Given data:
------

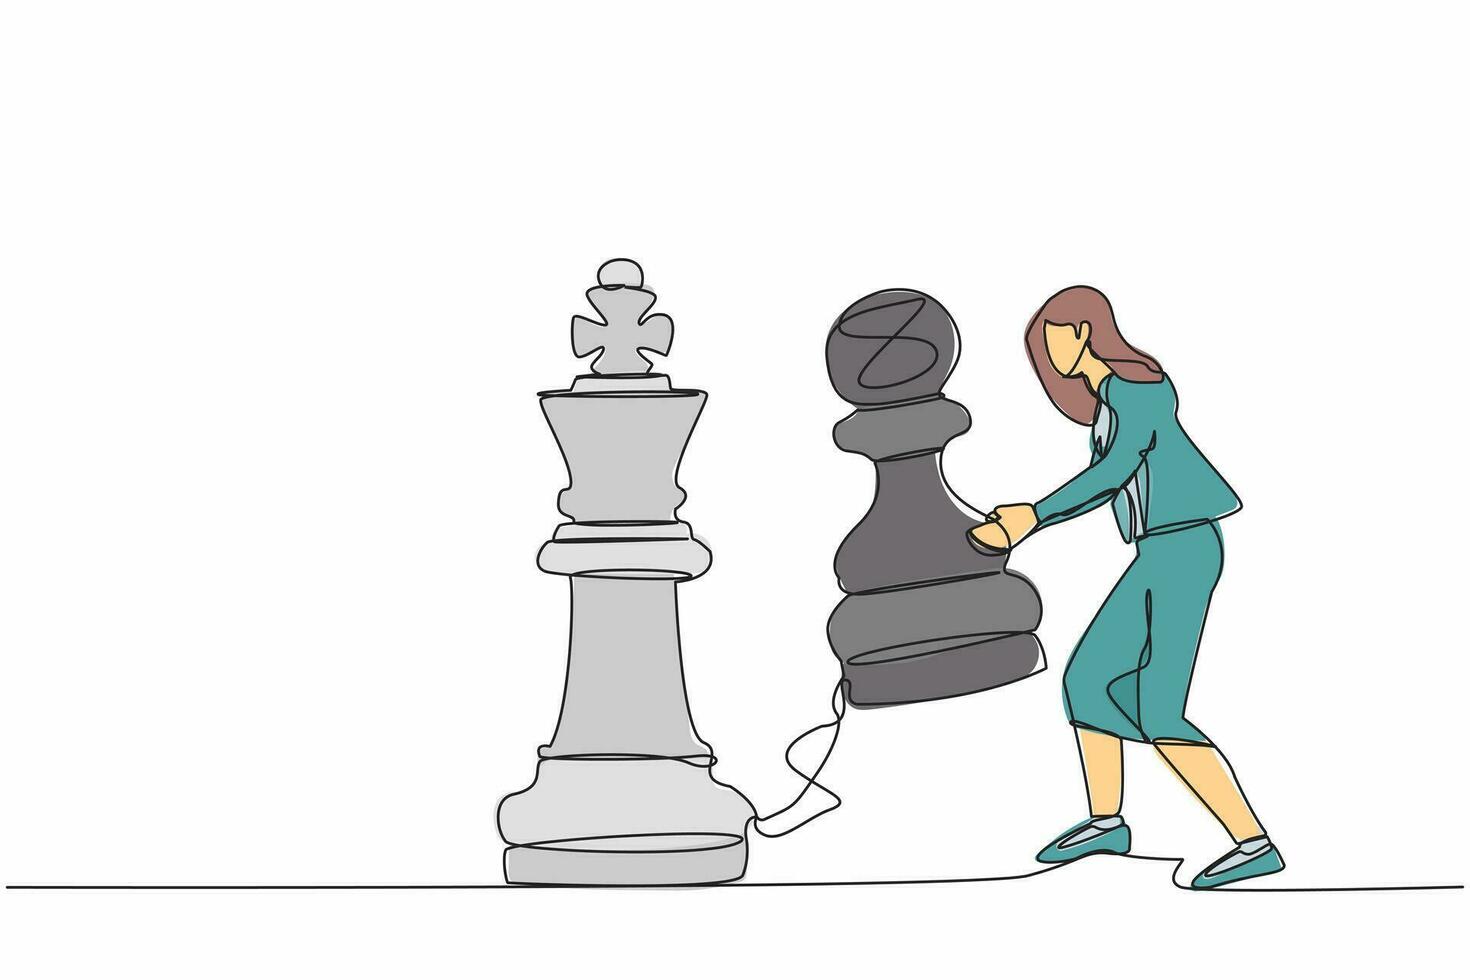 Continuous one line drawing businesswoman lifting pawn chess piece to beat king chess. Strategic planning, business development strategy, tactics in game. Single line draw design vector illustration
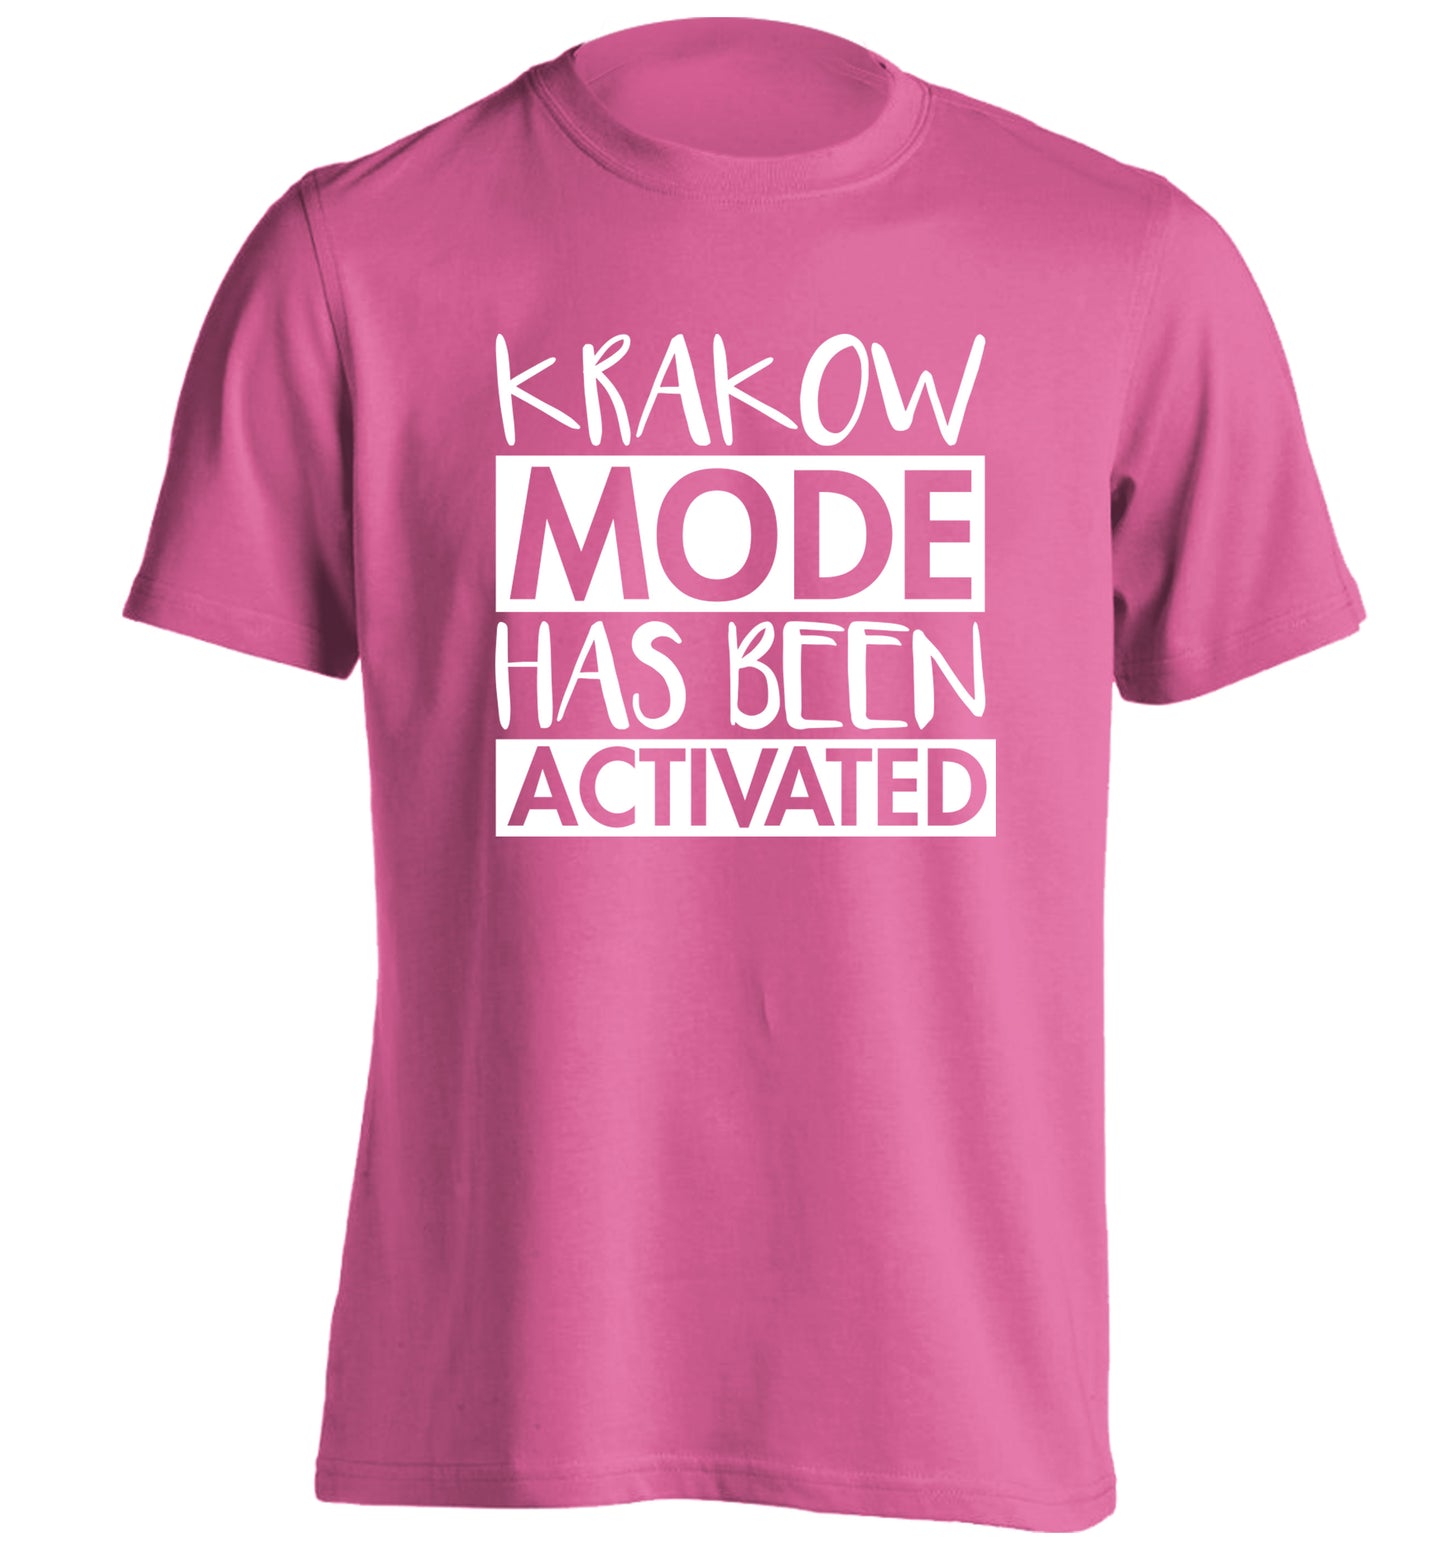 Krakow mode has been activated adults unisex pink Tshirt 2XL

------

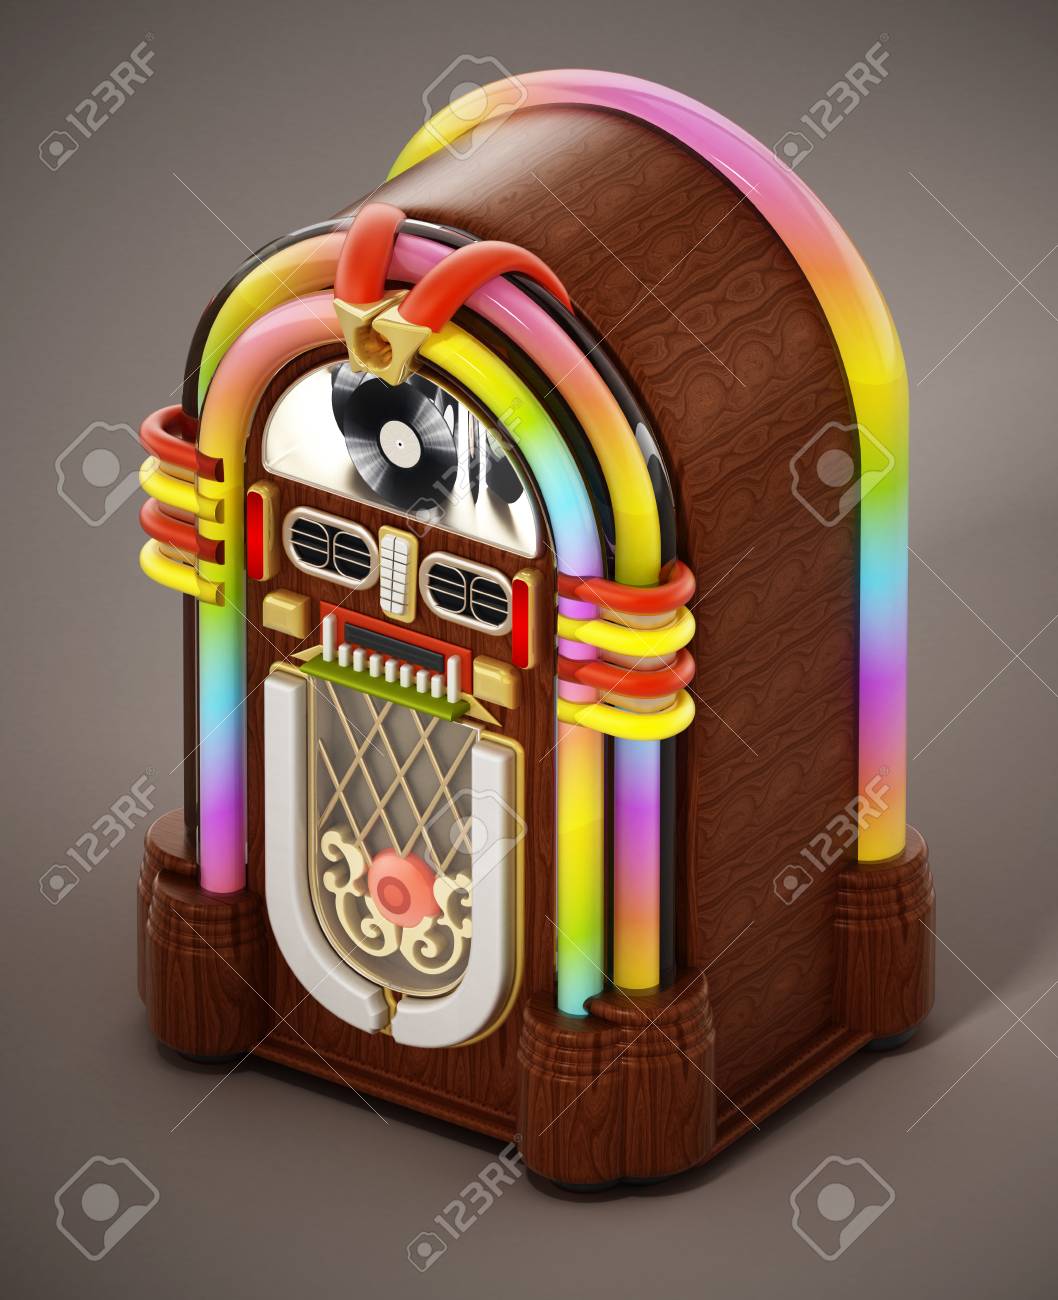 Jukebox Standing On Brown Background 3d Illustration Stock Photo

------

Exercise: Look back at the data above, then output exactly the lines from the line holding "Continuous one line" up to and including the line holding "Krakow mode has". Leave out the pictures.

Response:
 Continuous one line drawing businesswoman lifting pawn chess piece to beat king chess. Strategic planning, business development strategy, tactics in game. Single line draw design vector illustration
 Krakow mode has been activated adults unisex pink Tshirt 2XL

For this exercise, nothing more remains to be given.